Liaison officer connect Warfighters in Afghanistan with PEO C3T support
Liaison officer links needs in the field to DOD's acquisition process
By Claire Heininger
Call him the “eyes and ears” for his leadership back in the United States. Or the “easy button” for Soldiers who need an answer.
Either way, Maj. Andy Gilman’s job is crucial. As the primary on-the-ground representative in Afghanistan for the Army’s Program Executive Office for Command, Control and Communications-Tactical (PEO C3T), Gilman serves as a conduit between deployed Warfighters and the acquisition workforce charged with meeting their needs.
“He’s there to make the Warfighters’ concerns and requirements his own, feel their perspective and understand what it looks like from their foxhole,” said Lt. Col. Gregory Coile, Product Manager Satellite Communications (PdM SATCOM). “The LNO tries to be the easy button for those guys — you may not be the expert on each system, but you can get them in touch with the right person. He keeps us aware of Warfighter concerns [so] we can can address them very quickly.”
Since Gilman’s deployment as PEO C3T Liaison Officer (LNO) in November 2010, he has helped extend tactical communications to remote and mountainous areas of the country by aiding in the rapid fielding of Secure Internet Protocol Router/Non-secure Internet Protocol Router (SIPR/NIPR) Access Points (SNAP) terminals, Coile said. SNAPs — smaller satellite terminals that are easily transportable by vehicle or by helicopter — provide beyond line of sight communications to small units at Forward Operating Bases (FOBs), enabling network connectivity down to the team, platoon and company level.

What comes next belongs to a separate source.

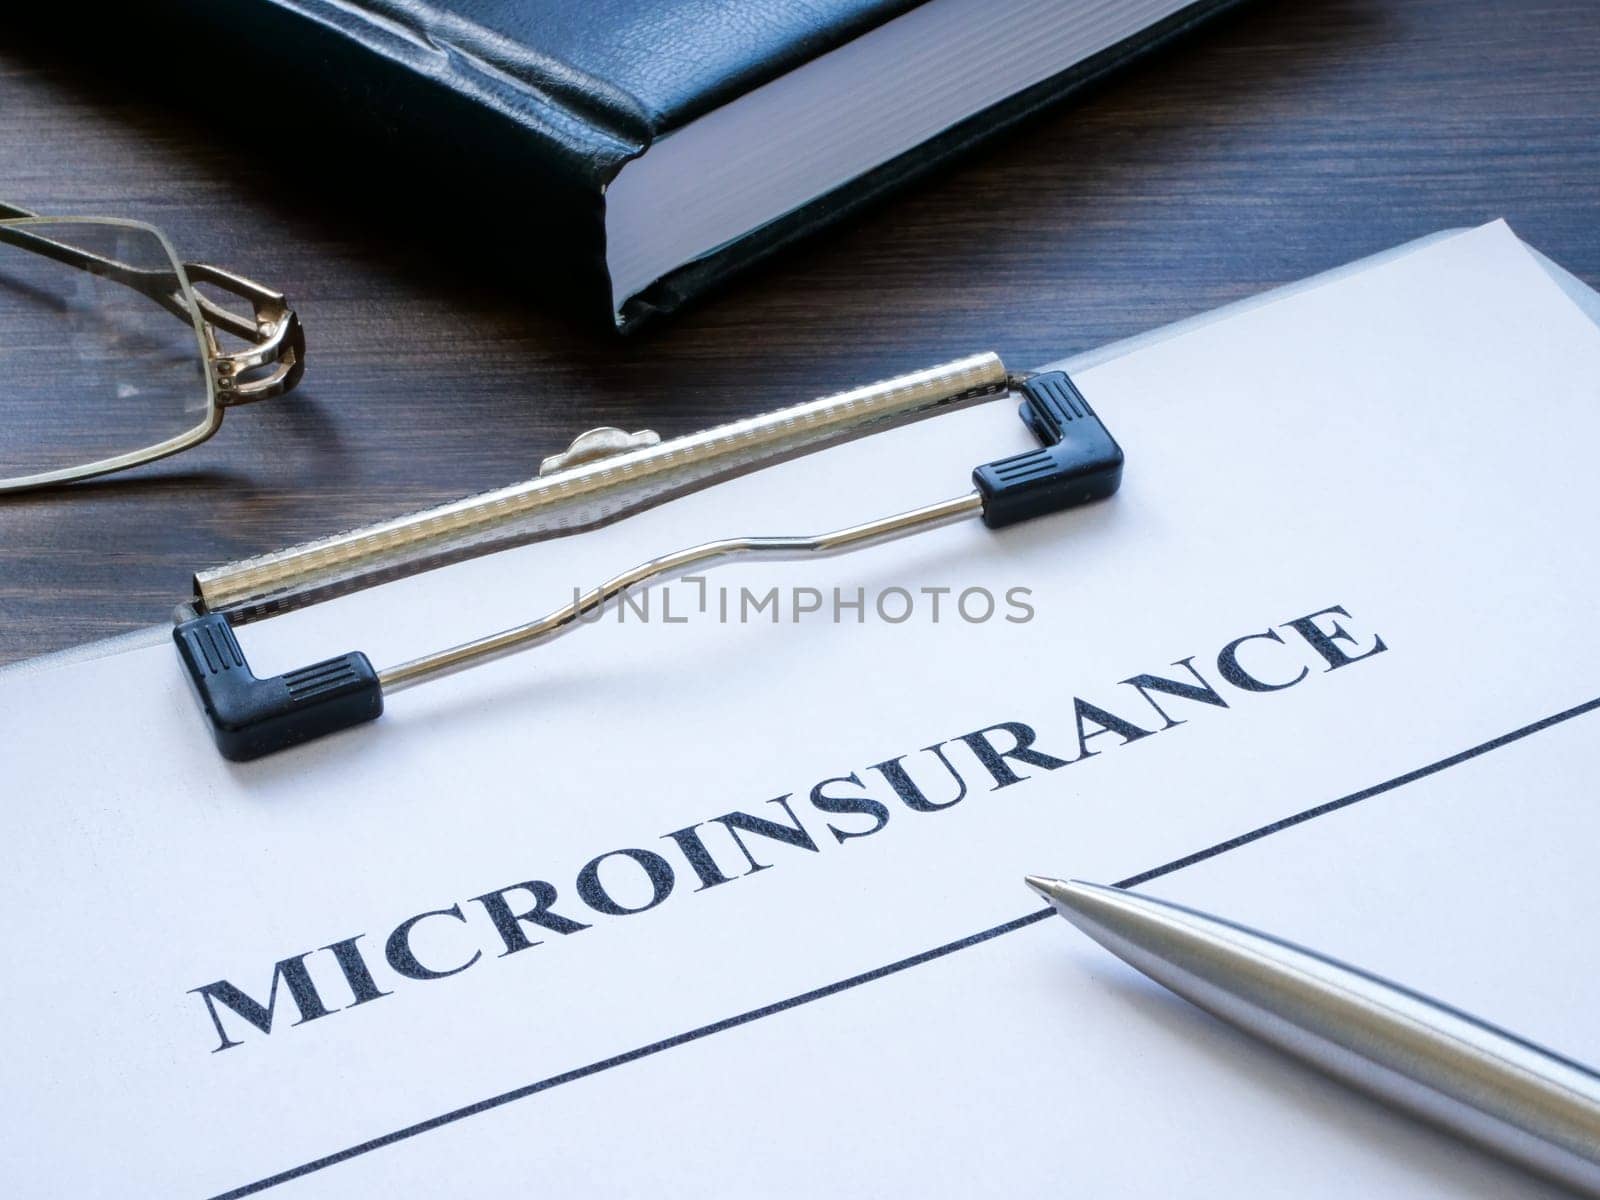 Clipboard with microinsurance application and notepad.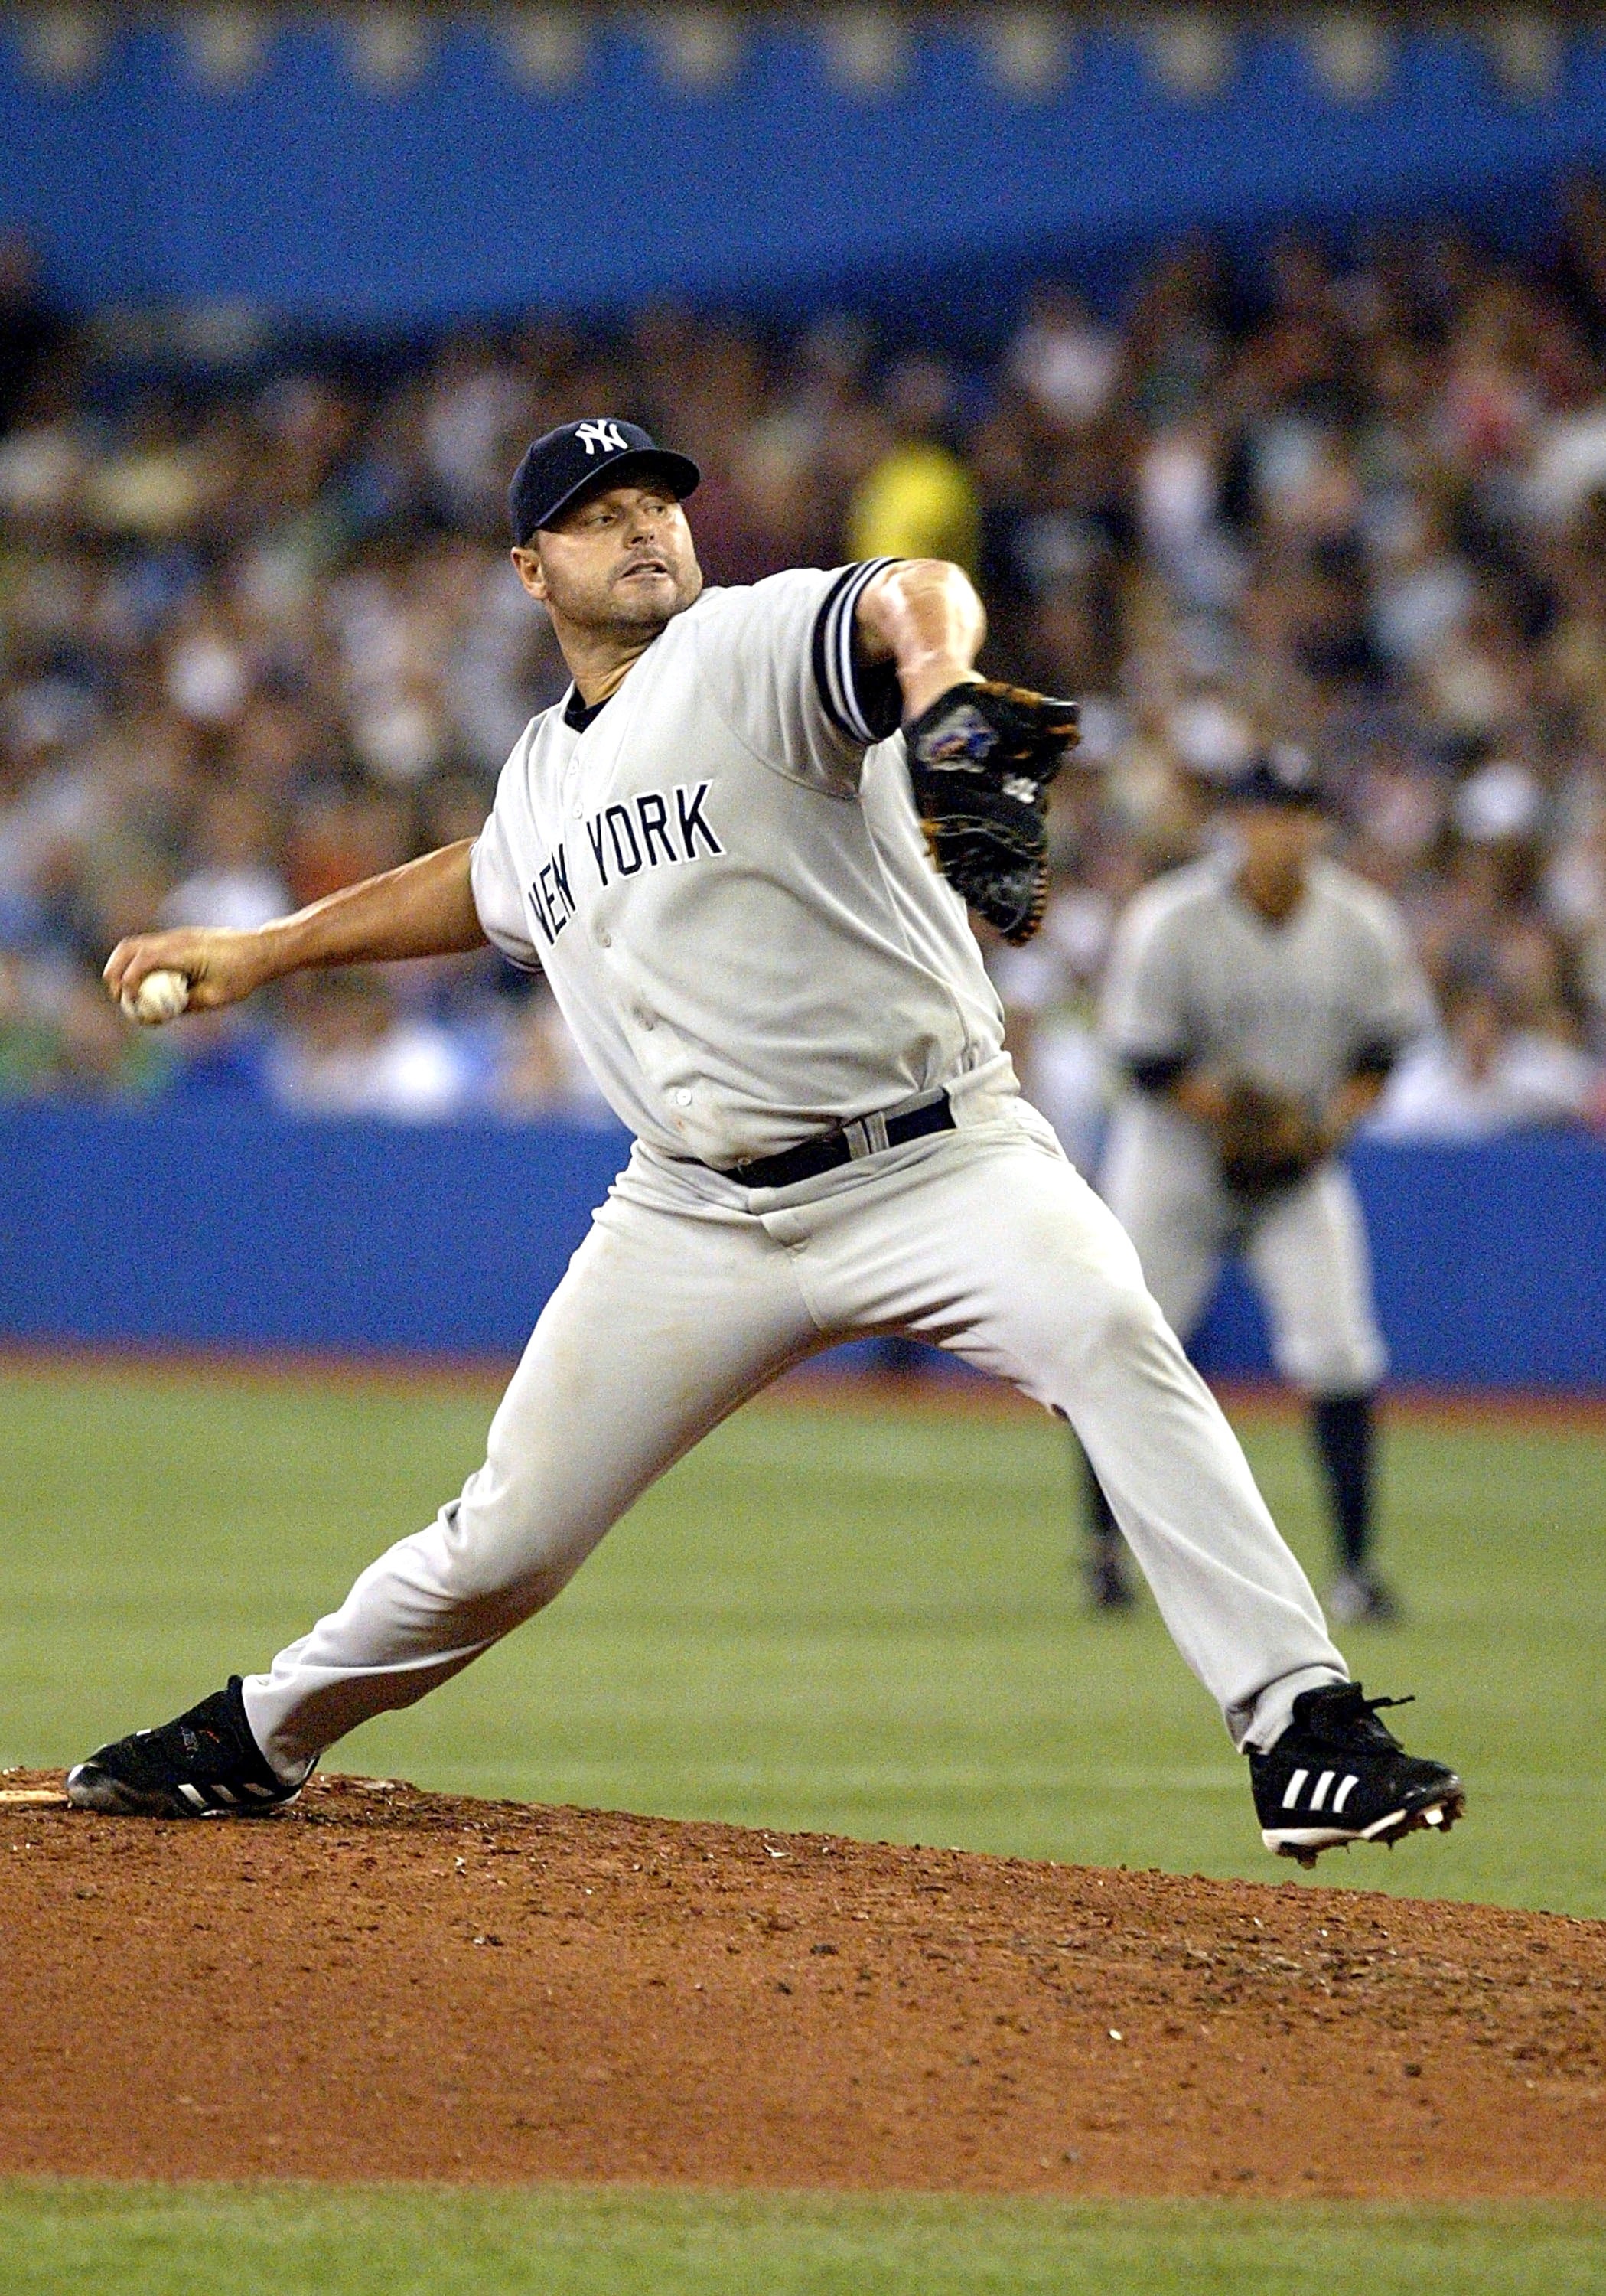 TORONTO - AUGUST 7:  Roger Clemens #22 of the New York Yankees throws a pitch against the Toronto Blue Jays on August 7, 2007 at the Rogers Centre in Toronto, Ontario, Canada. The Yankees defeated the Blue Jays 9-2.  (Photo by Dave Sandford/Getty Images)

Even when a PEO C3T capability is not specifically requested, there can be a ripple effect that requires support, Gilman said. For example, unmanned aerial vehicles (UAVs) and other systems that collect intelligence depend on the network to bring that information into the common operating picture (COP).
“Whether it’s full-motion video or some other capability, without that communications network in place, that data or that video isn’t going anywhere,” Gilman said. “Anytime there is a communications impact, there is potential to affect C3T systems. I’m almost like an ambassador for PEO C3T – getting the right people together and getting the right information together to make sure everybody gets their questions answered and gets the information and solutions that they want and need.”
Gilman also played a key role in the coordination and fielding of the Combined Enterprise Regional Information Exchange System (CENTRIXS)-ISAF (CX-I) secure network, the U.S. component of the Afghan Mission Network (AMN), said Ted Kostich, chief of the Command, Control, Communications, Computers, Intelligence, Surveillance and Reconnaissance (C4ISR) Field Support Branch for the PEO C3T Readiness Management Division.
The Afghan Mission Network, which allows coalition nations to share data from their respective secure networks in a centralized location, has transformed battlefield planning and collaboration by the United States and its allies.
“The fight is on CENTRIX over here,” Gilman said, adding that the lessons learned from standing up AMN will be valuable in future conflicts. "We are not going to be fighting as U.S. only any time soon. It's going to be coalition fights into the future."
Gilman has experienced the difference. Prior to joining PEO C3T, where he is assigned to Project Manager Battle Command, he deployed to Iraq from August-December 2008 as LNO for the Program Executive Office Intelligence, Electronic Warfare and Sensors (PEO IEW&S). Afghanistan is trickier, he said, due to the need to collaborate with NATO on everything from getting equipment in and out of theater to what’s served at the salad bar in the dining facility.
“A lot of it is forming relationships, and finding out who you need to talk with to expedite things,” Gilman said. “Other times, it’s just a matter of not taking no for an answer.”
Across both theaters, the LNO role requires long hours due to the time difference with the United States. Most days are “two days rolled into one,” Gilman said.
That dedication is recognized by his colleagues back home. Kostich described him as “PEO C3T’s eyes and ears in Operation Enduring Freedom.”
“From his detailed weekly updates, to his daily coordination with unit personnel, Digital System Engineers, and Field Service Representations, he has been instrumental in C4ISR problem identification and resolution,” Kostich said.
George Stanley, OEF Theater Lead for Project Manager Force XXI Battle Command Brigade and Below (PM FBCB2), worked with Gilman in Afghanistan and said the LNO succeeded in connecting the troops and those who support them.
“He’s made a major difference in sustaining and improving support for all Program Management Offices and their respective combat systems utilized by almost all units throughout Afghanistan,” Stanley said. “Andy's non-stop effort and tireless dedication to supporting the PMOs and the units in Afghanistan is admirable and sets an example for all to emulate.”